Darran Prosser, 59, from Neath, south Wales, said his grandson Bennett was due to celebrate his third birthday with a party in his local community centre in March 2020, but that it had to be cancelled.
“We were unable to physically see him so we Facetimed him which was a little upsetting but better than nothing,” Prosser said. “It was annoying, but at the end of the day we thought we were doing everything right and we thought everyone was in the same boat together. We were doing it for the country and humanity and they were the rules. I just cannot see how anyone could disagree with how wrong the man [Boris Johnson] is. It’s disgraceful.”

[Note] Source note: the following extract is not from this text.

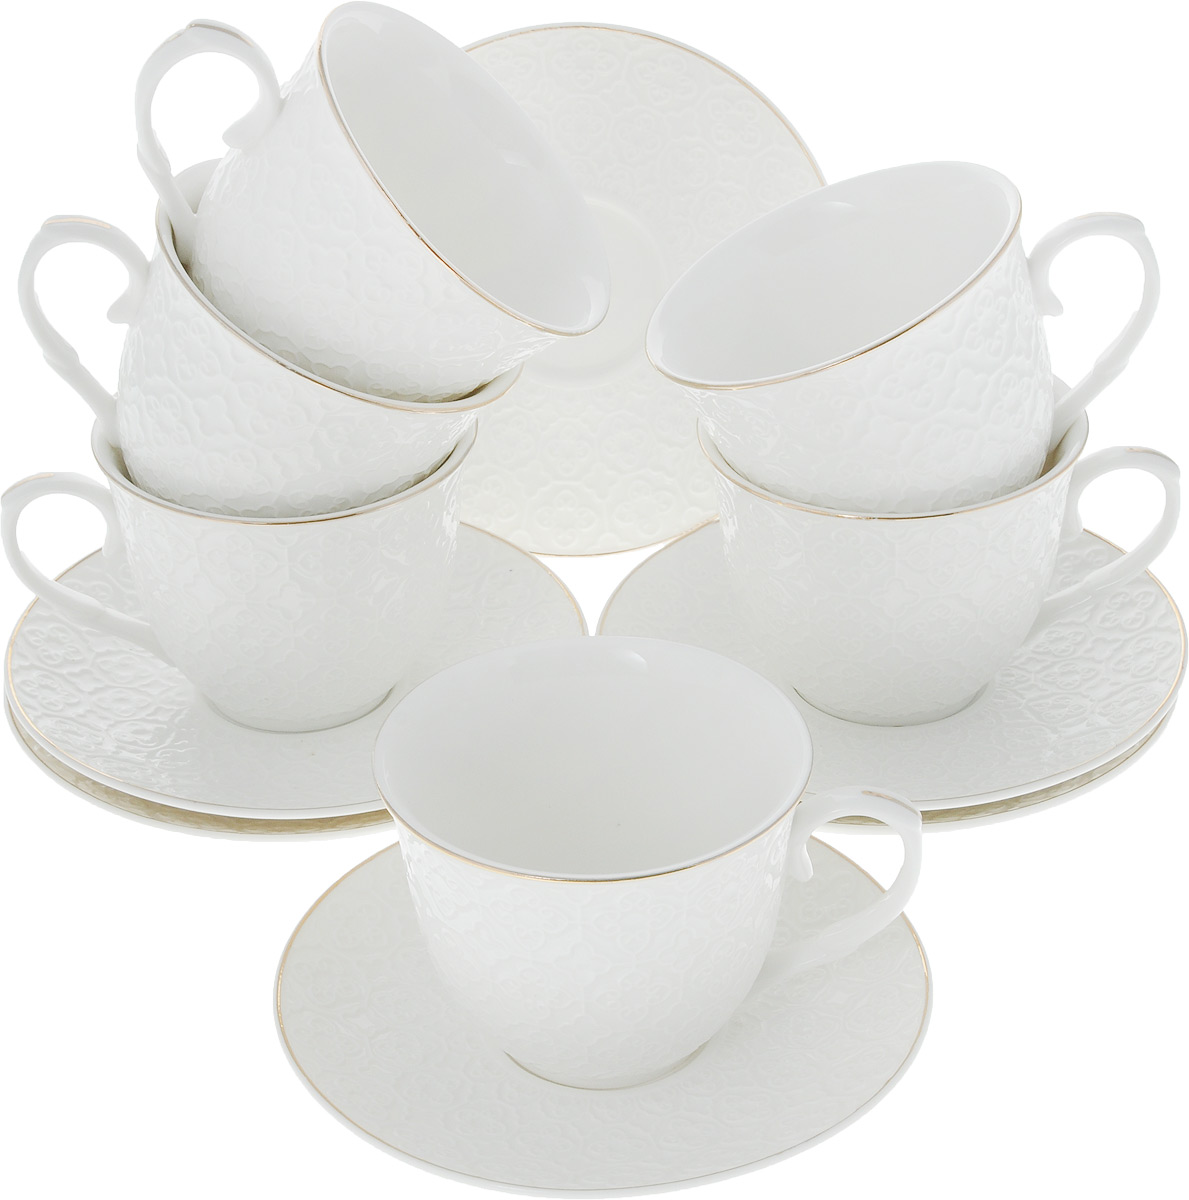 Сервиз чайный Loraine, 12 предметов. 26504 чайный сервиз 23 предмета на 6 персон bavaria кёльн b xw213y 23

Ted Davies, 51, a teacher from south London, said he spent his 50th birthday with his 24-year-old son. “I was working from home trying to make the best of a bad situation with the only person who I was in a bubble with,” he said.
He said that the prime minister had displayed “rank hypocrisy” and it is “fairly clear something has to happen to not just Johnson but the government”.
Dr Neil Stone, a consultant in infectious diseases at University College Hospital in London, said he cancelled his child’s birthday “two years in a row” because of lockdowns.